Voll wurde das Gelände am ersten Nachmittag zwar noch nicht, das war beim U+D-Auftakt aber auch vor Corona nicht der Fall. Als "Stop Inside" um kurz nach 15 Uhr auf die Bühne kam, saßen immerhin rund 300 gut gelaunte Menschen auf Bierbänken und Decken oder standen vor der Bühne.

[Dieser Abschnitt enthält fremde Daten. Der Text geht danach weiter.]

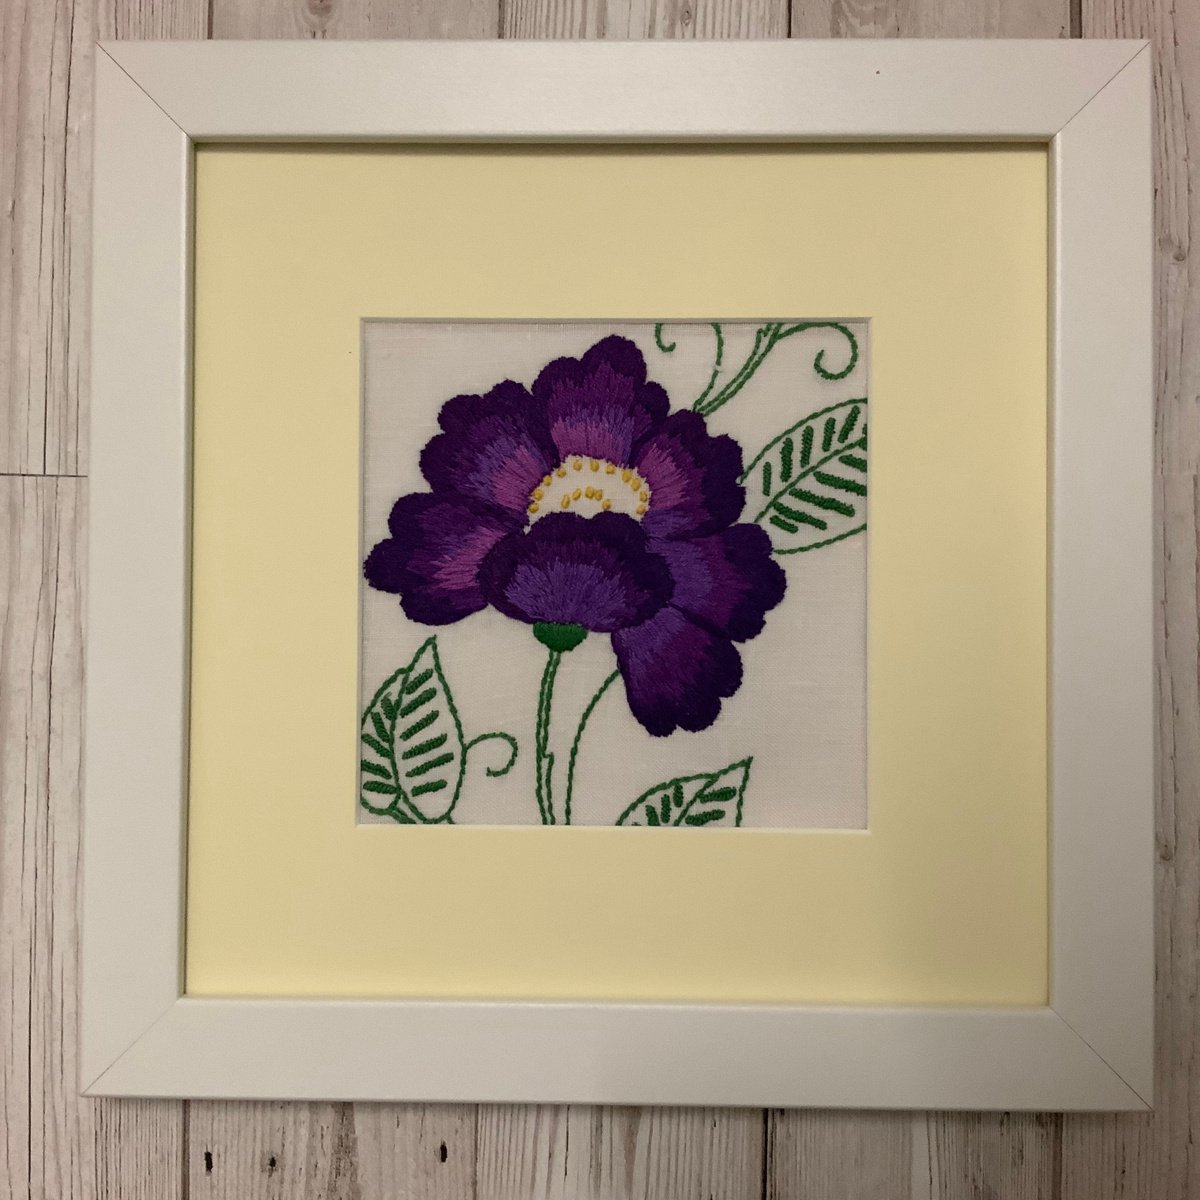 Anemone - Vintage 1930s embroidery - floral art by Sarah Gill

Zu den ersten Besucherinnen gehörten Caro aus Würzburg und ihre Freundin Hannah aus Fürth – sie hatten es sich schon kurz nach dem Einlass um 14 Uhr unter einem Baum auf einer Decke gemütlich gemacht und das erste kühle Getränk geöffnet. "Wir wollten alles mitnehmen und die Sonne genießen. Deswegen sind wir so früh hier", sagte Caro. Die beiden Frauen wären auch zu den ursprünglich geplanten Sitzplatzkonzerten gekommen, "aber so ist es einfach eine komplett andere Stimmung. Ein Konzert mit Stühlen passt beim U+D einfach nicht."

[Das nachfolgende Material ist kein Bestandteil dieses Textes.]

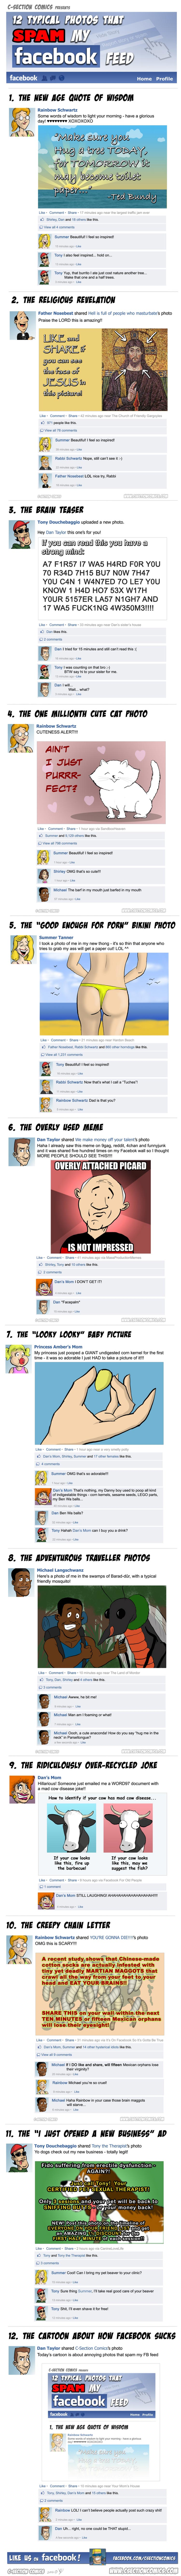 12 Typical Photos That Spam My Facebook Feed

Auf dem weitläufigen Gelände war es auch ohne fest zugeteilte Plätze kein Problem, Abstand zu halten. "Man kann selbst darauf achten, wie man das für sich regelt. Ich vertraue auch den anderen Leuten", betonte Hannah: "Es tut gut, draußen zu sein, Musik zu hören und ein bisschen Normalität zu haben."
Die gute Laune des Publikums sprang auch auf die Verantwortlichen über: "Es stehen Menschen vor der Bühne und tanzen, und das alles auch noch corona-konform. Wenn wir an allen vier Tagen so schönes Wetter haben, dann wird das verdammt cool", freute sich U+D-Chef Ralf Duggen.
An zwei Tagen schon so gut wie ausgebucht: bis zu 2000 Menschen werden dann kommen
Auch Festival-Sprecher Tilman Hampl hatte ein breites Lächeln im Gesicht. Er ist gespannt, wie sich das Festivalgelände an den bereits so gut wie komplett ausgebuchten kommenden beiden Tagen mit bis zu 2000 Menschen präsentieren wird: "Natürlich fühlen wir uns auch ein bisschen wie ein Versuchsfestival mit der neuen Regelung." Am Sonntagabend werden die Veranstalter wissen, ob es ein gelungener Test geworden ist.